On the other hand, they praise former President Chun Doo-hwan, the strongman who ruled the country with his iron fist in the 1980s, as “Chun-tank,” adding tank, the symbol of his dictatorship, after his surname.
For a country that experienced a painful process in achieving democracy, which was accompanied by bloody civilian suppression and the marginalizing of working-class citizens, the fact that they use these terms with such an interpretation draws criticism from other non-Ilbe netizens.
The administrator of Ilbe notifies that “Postings harming others, exposing others’ personal information, containing obscene material, racial or nationalistic slurs are strictly prohibited on this site and violators will be banned from accessing it.”
But it affects almost no one, since the site attracted the huge number of current users by minimizing administrators’ interference in users’ postings.

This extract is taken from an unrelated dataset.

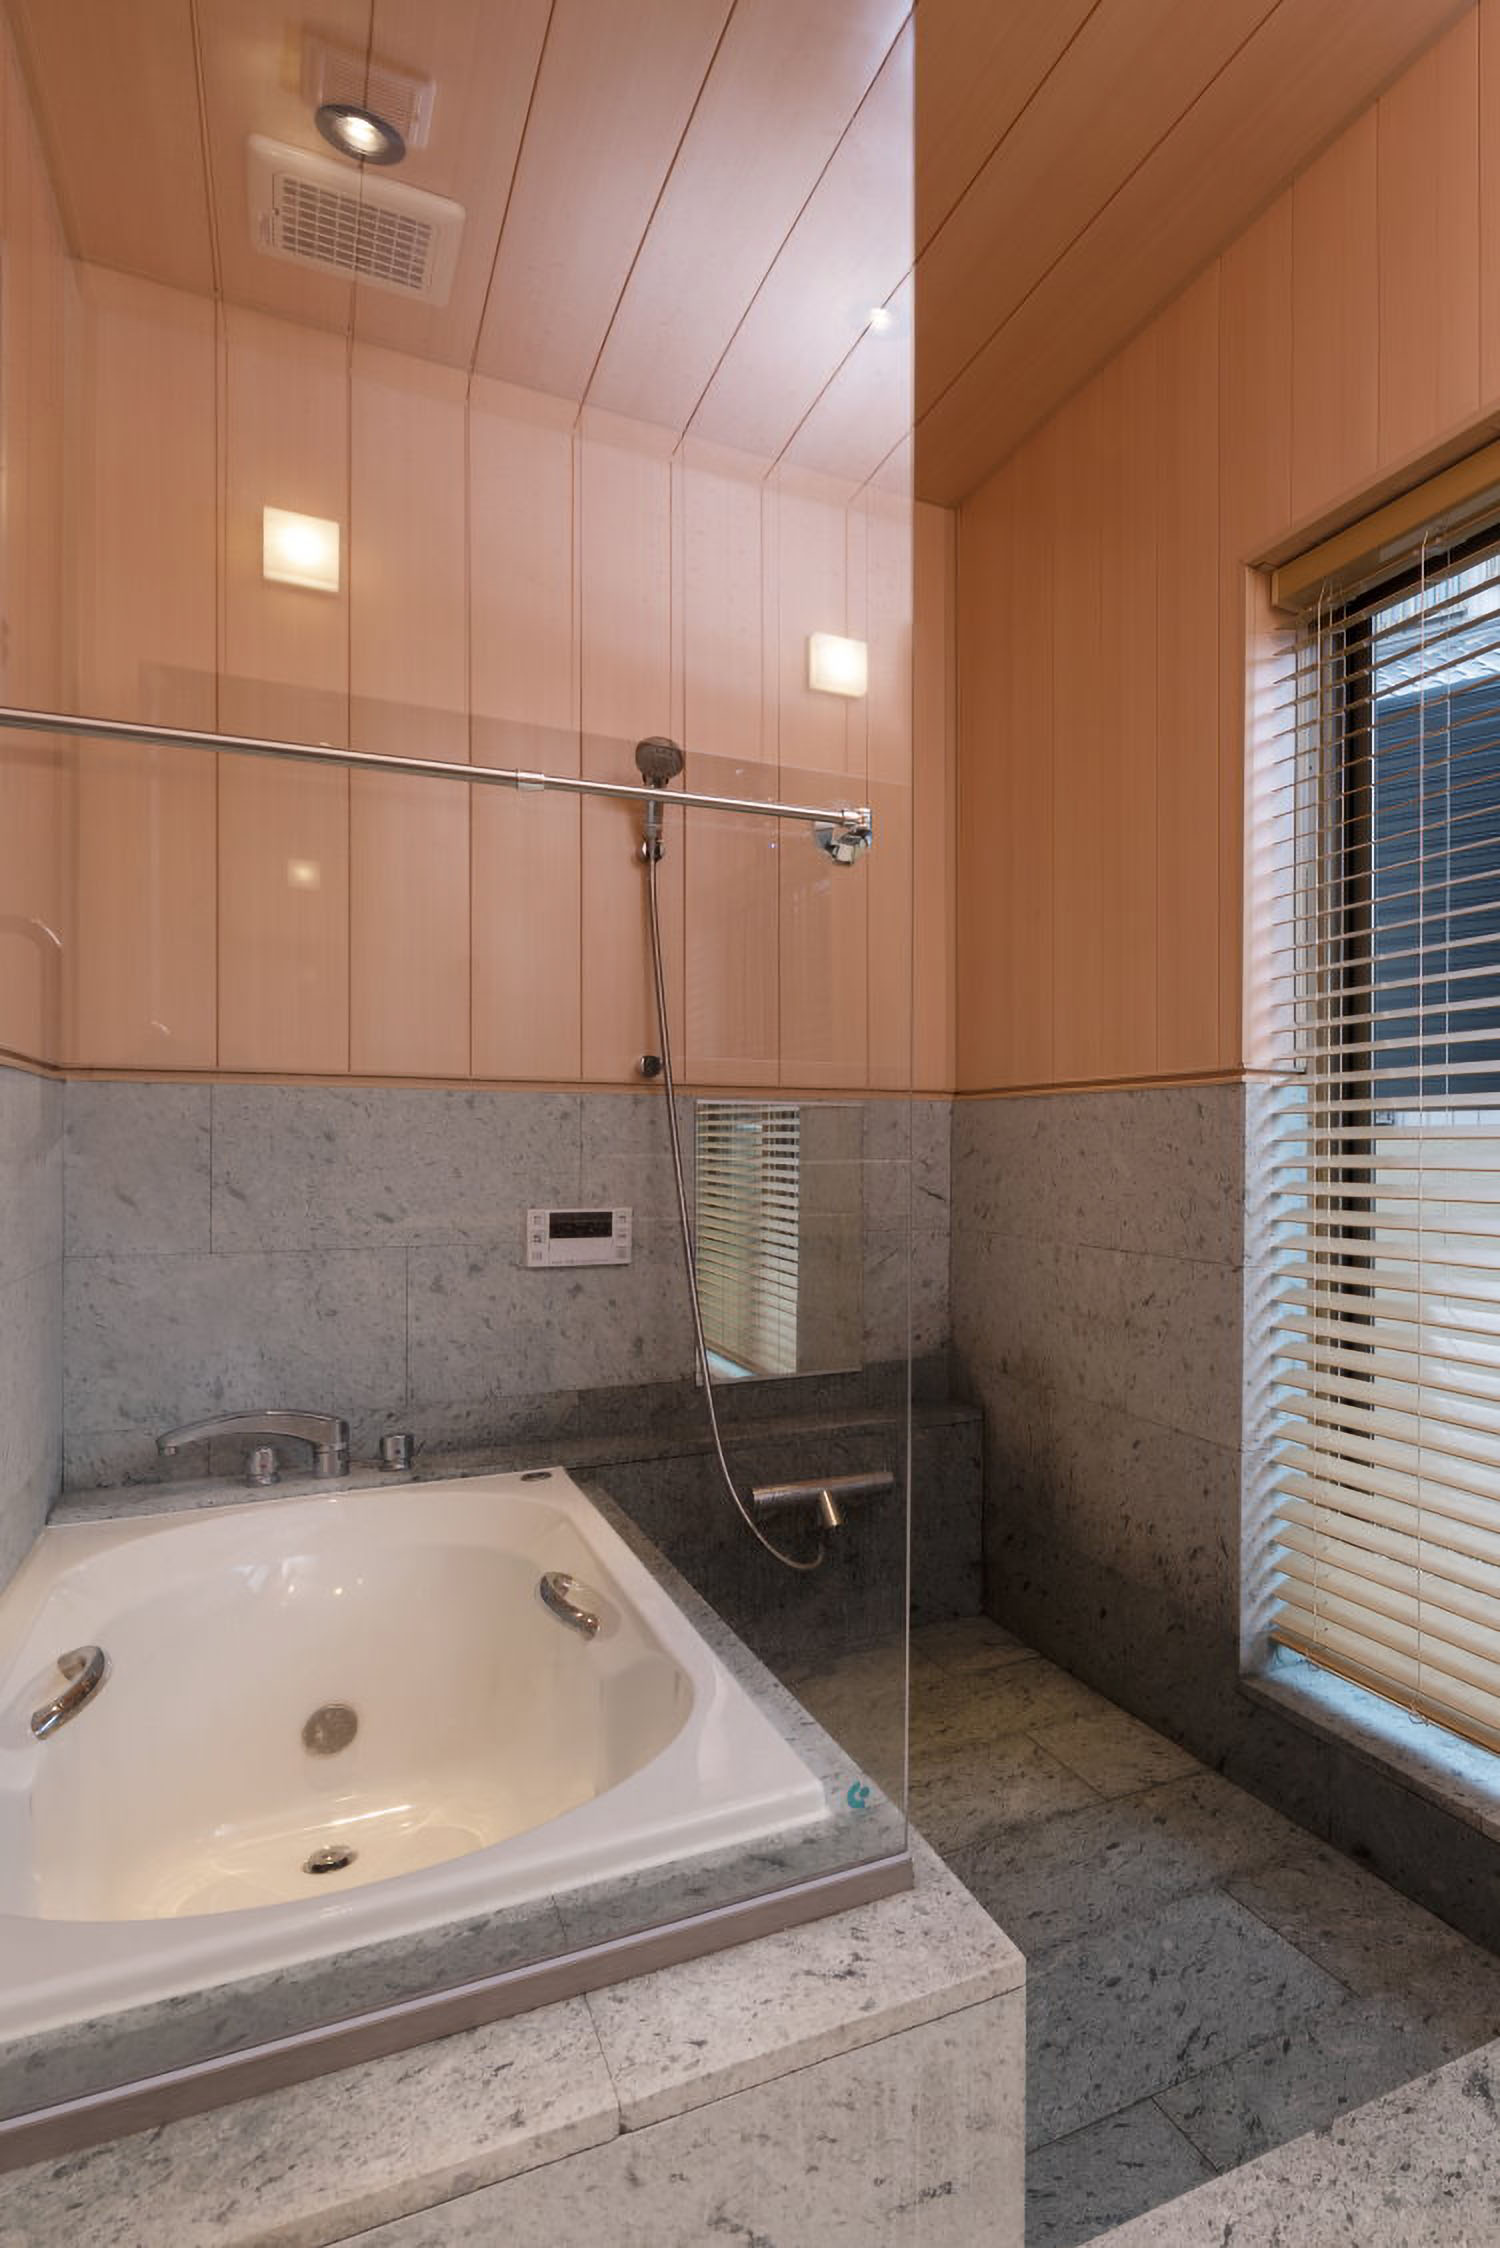 浴室には、美しい風合いと吸水機能や保温効果を有する秋田県「十和田石」を採用。木と石の自然素材の美しさはもちろん、冬場でも足元が冷たくないように床暖房を備えている
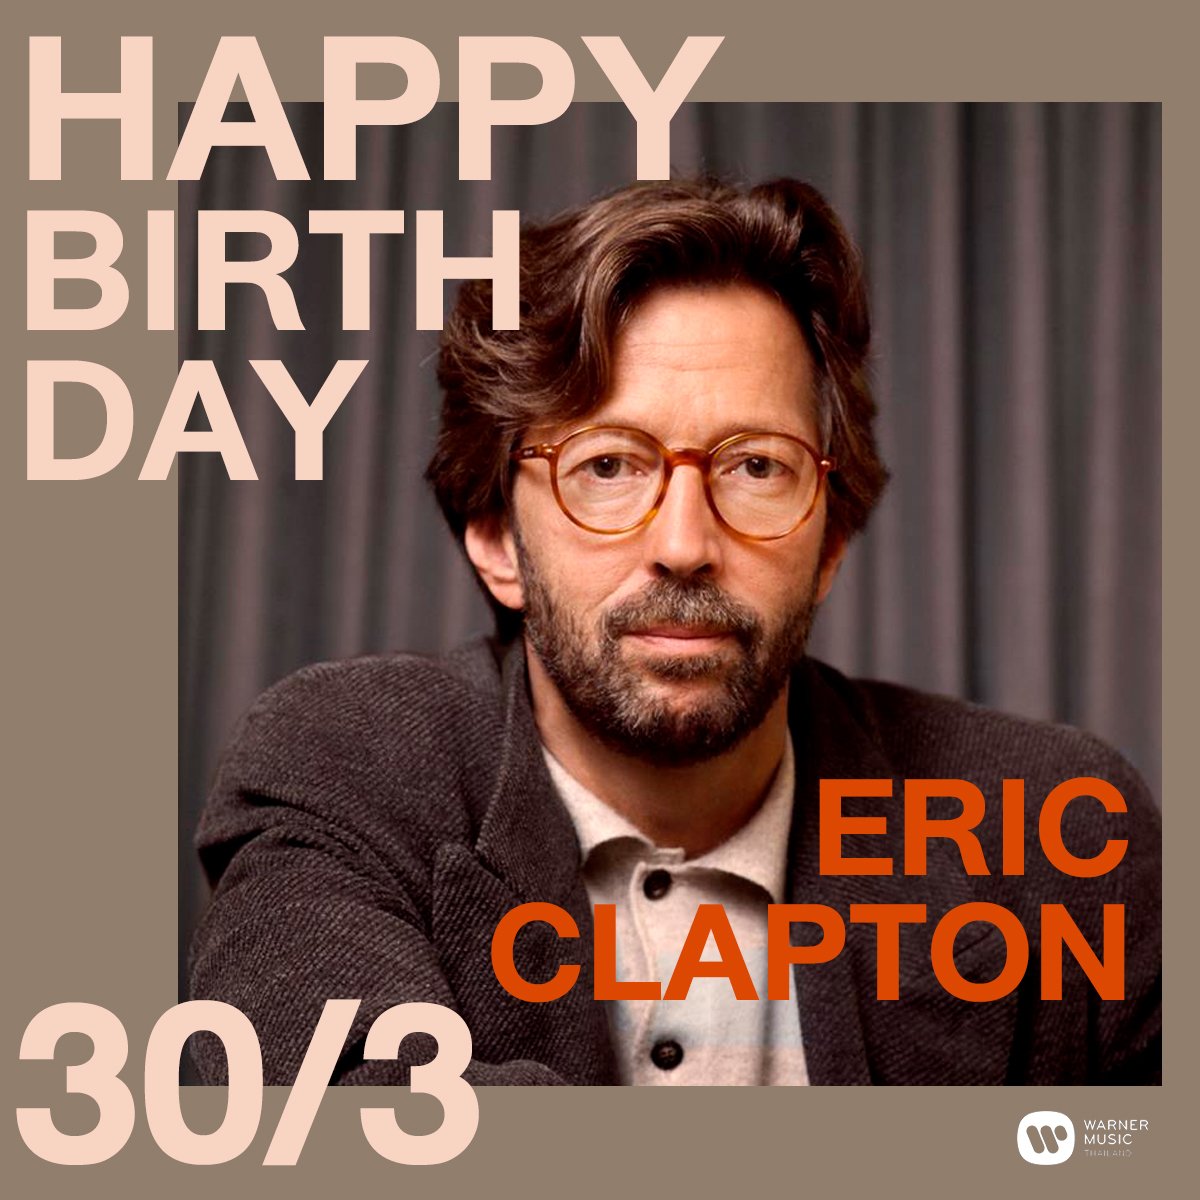   Perfect! Happy birthday, Eric Clapton

An Ilbe user said on condition of anonymity that “Do not try to understand or comprehend Ilbe or TH users and things done by us and them with logic. It is just a phenomenon that happens that cannot be explained.”
“Having fun in the community is just all,” said the user in his early 20s.
Asked if he ever felt guilty that someone might hurt because of reckless rhetoric or activities, he said “You can’t live in the Internet era with such a sentimental mindset.”
“Do not judge all Ilbe users’ as villains. Things in Ilbe are raw expressions of what its users believe. Many Ilbe users’ probably agree with me,” he added.
Anti-Ilbe users argue that the ultra-conservative community should be designated as a harmful website and be blocked.
An official at the Korea Communications Standards Commission said that if a website is operated for illegal purposes, it can be forcibly shut down. But it is difficult to call Ilbe an illegal website, because it is a community site where netizens post their opinions freely, he said.